Sin embargo, aunque sentía a menudo mucho cariño hacia ella, a veces le repugnaba. Esto ocurría cuando se le aproximaba demasiado físicamente. El se apartaba, y ella le miraba con una expresión inescrutable. ¿Sabía lo que pensaba él? ¿Interpretaba correctamente su reacción?

Ulises esperaba que no fuese así, porque en tal caso, ella era lo bastante inteligente y sensible para saber que la evitación del contacto físico era una defensa por parte de él. Y ella sabría, como sabía él, por qué él tenía necesidad de defenderse.

– ¡Vamos! -gritó a Wulka y a los otros jefes-. ¡Seguidme fuera del Árbol! ¡Pronto estaremos sobre terreno sólido y seco!

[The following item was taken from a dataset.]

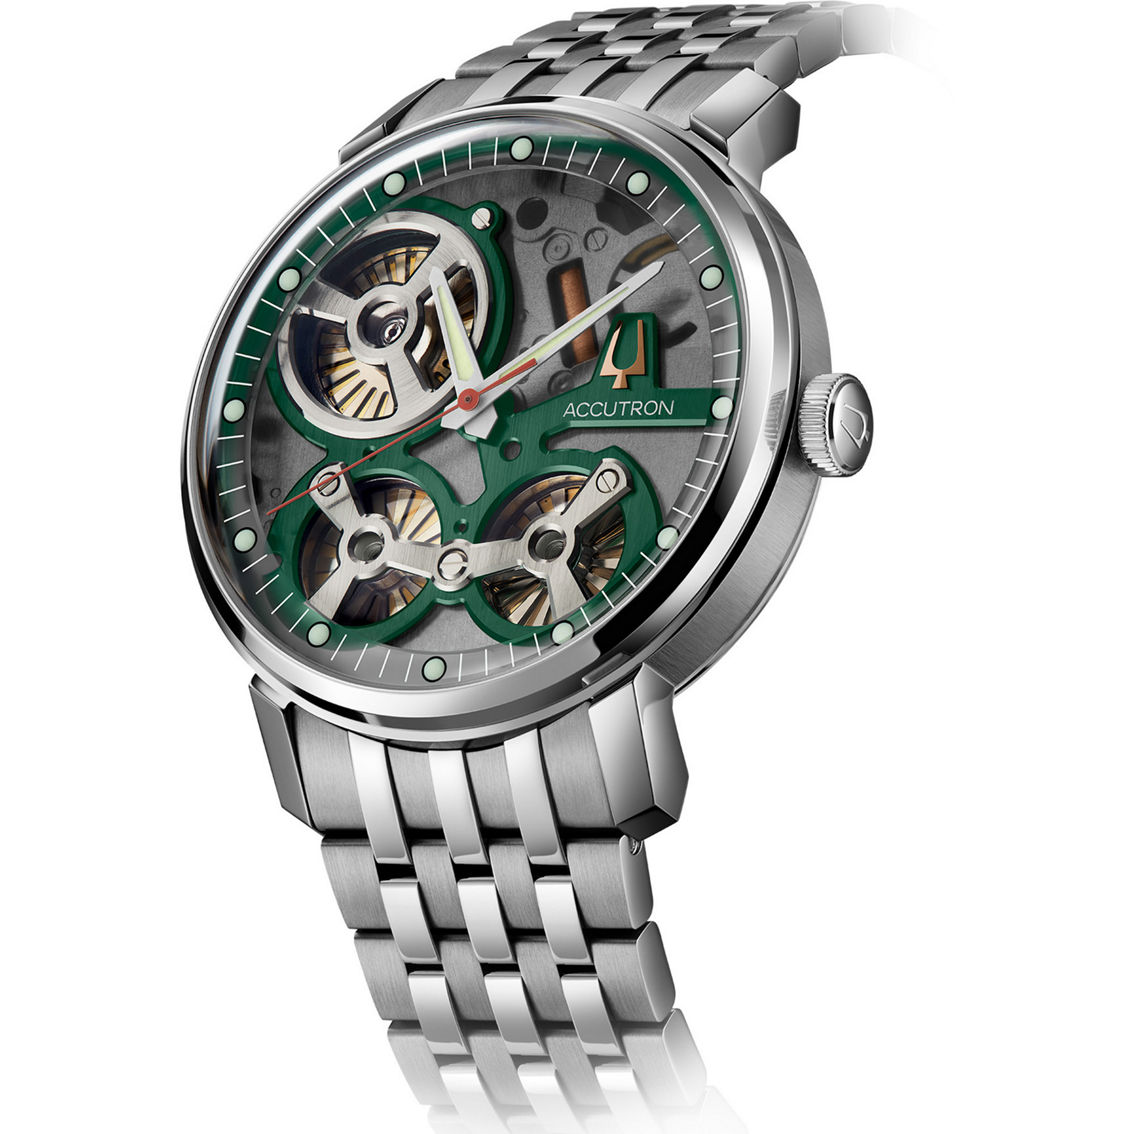 Accutron Men's Electrostatic Spaceview 2020 Stainless Steel Bracelet Watch 2ES6A006 - Image 2 of 2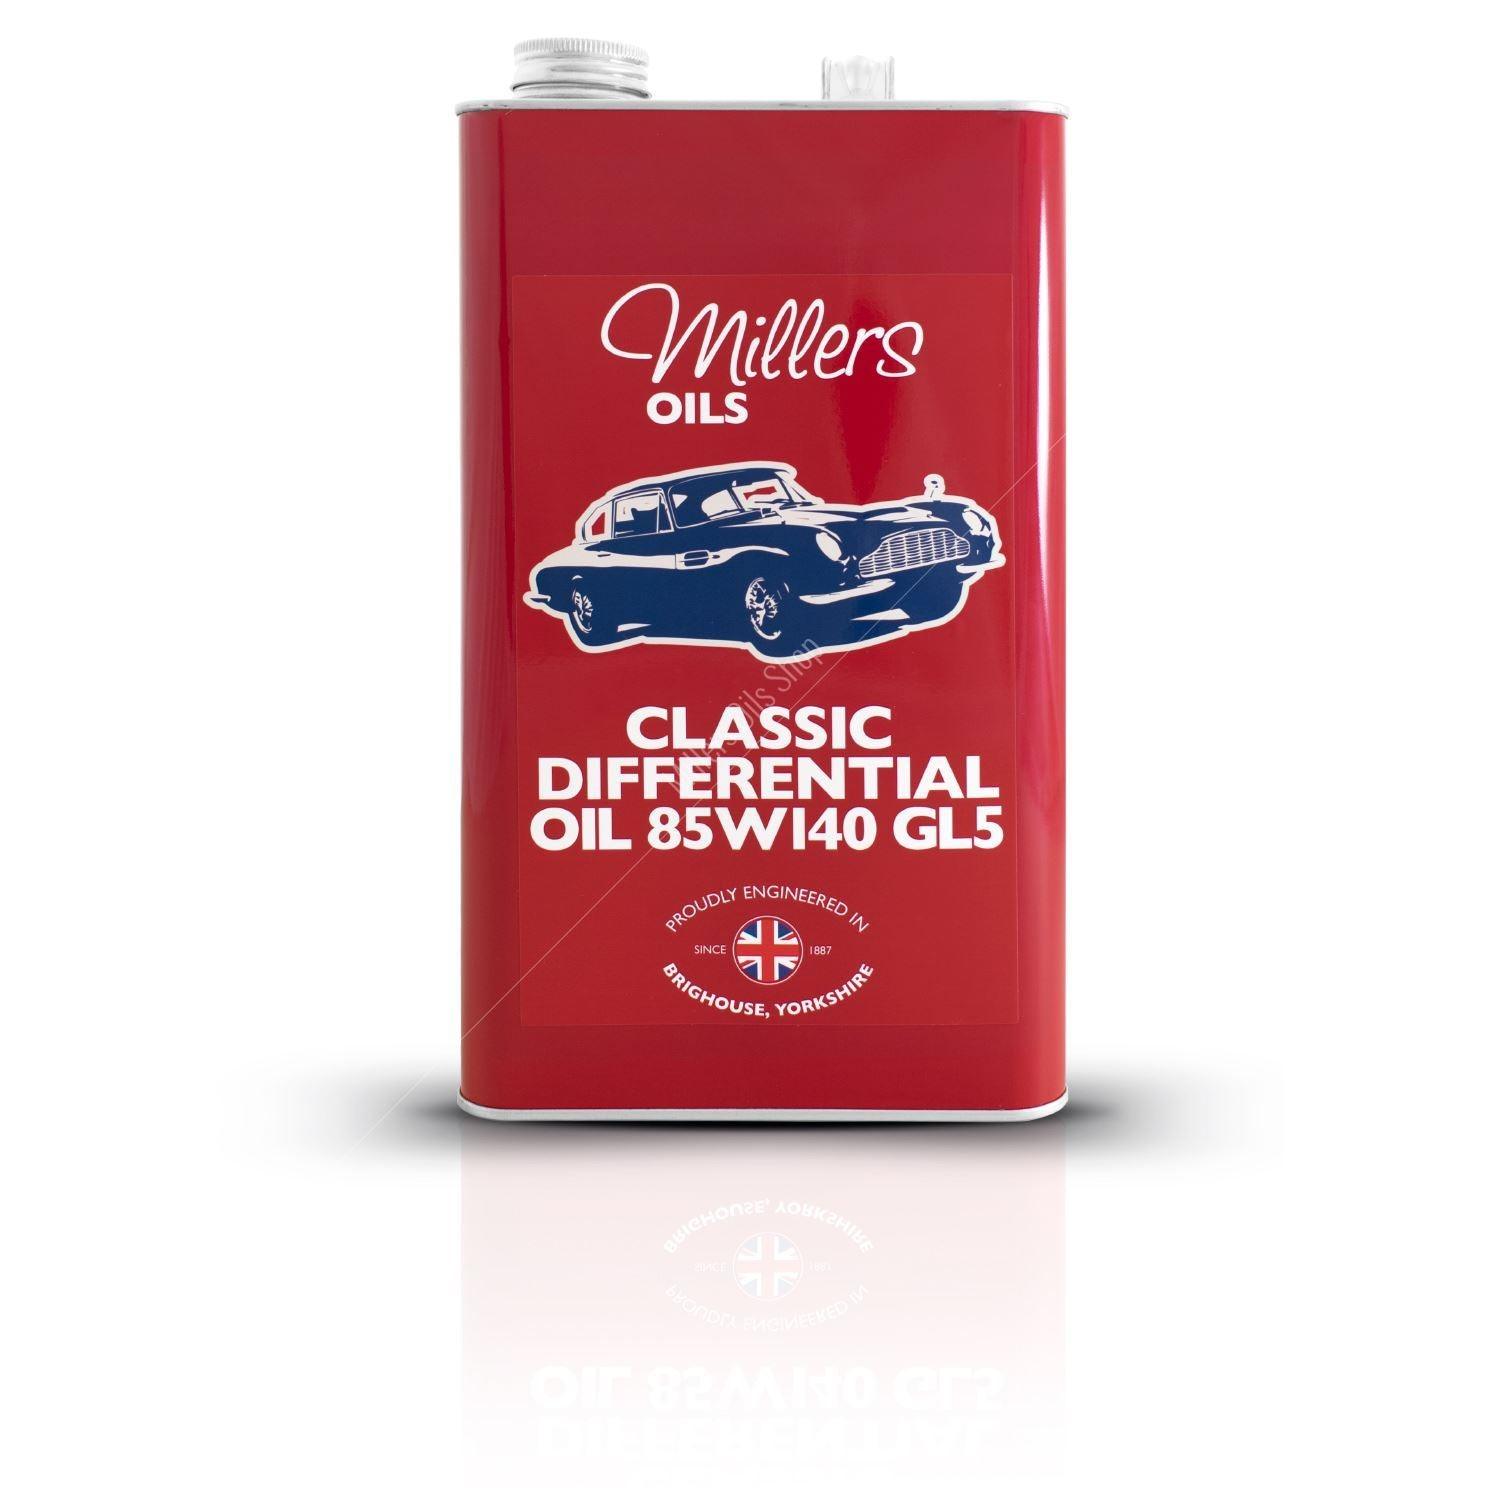 Classic Differential Oil 85w140 GL5 1 liter verpakking - Berry Smink British Car Parts

El descenso transcurrió sin novedad, aunque Ulises tuvo que reprimirse para no correr. La inmensa masa gris oscura del Árbol parecía aún más amenazadora, ahora que estaba a punto de librarse de él, que cuando había estado dentro. Pero nada sucedía. No surgieron ni gigantes ni hombres leopardo del Árbol para un ataque final.

Sin embargo, una vez que estuvieran en la llanura, serían fácilmente localizados por los hombres murciélago. Sería mejor permanecer a la sombra del Árbol hasta que cayese la noche y salir entonces.

Afortunadamente, el terreno que había en la base del gran Árbol en aquella zona no era tan pantanoso. En cuanto se separaron de la rama por la que descendía el río, encontraron terreno seco. Hicieron su campamento en el lado norte de una rama que se clavaba en la tierra en un ángulo de cuarenta y cinco grados. Ulises estudió la llanura, cubierta de una hierba muy alta de un color parduzco, salpicada de árboles parecidos a la acacia. Había grandes rebaños de comedores de hierba y hojas por allí: caballos, antílopes, búfalos, aquel otro animal parecido a la jirafa que según su opinión debía proceder del caballo, el animal parecido al elefante que podría haber evolucionado del tapir, el conejo gigante de grandes patas, y el jabalí azul de largas zancas y curvados colmillos. Había también predadores, el correcaminos de cuatro metros de altura, el felino parecido a la pantera y arrogantes leones de pelo como de puercoespín.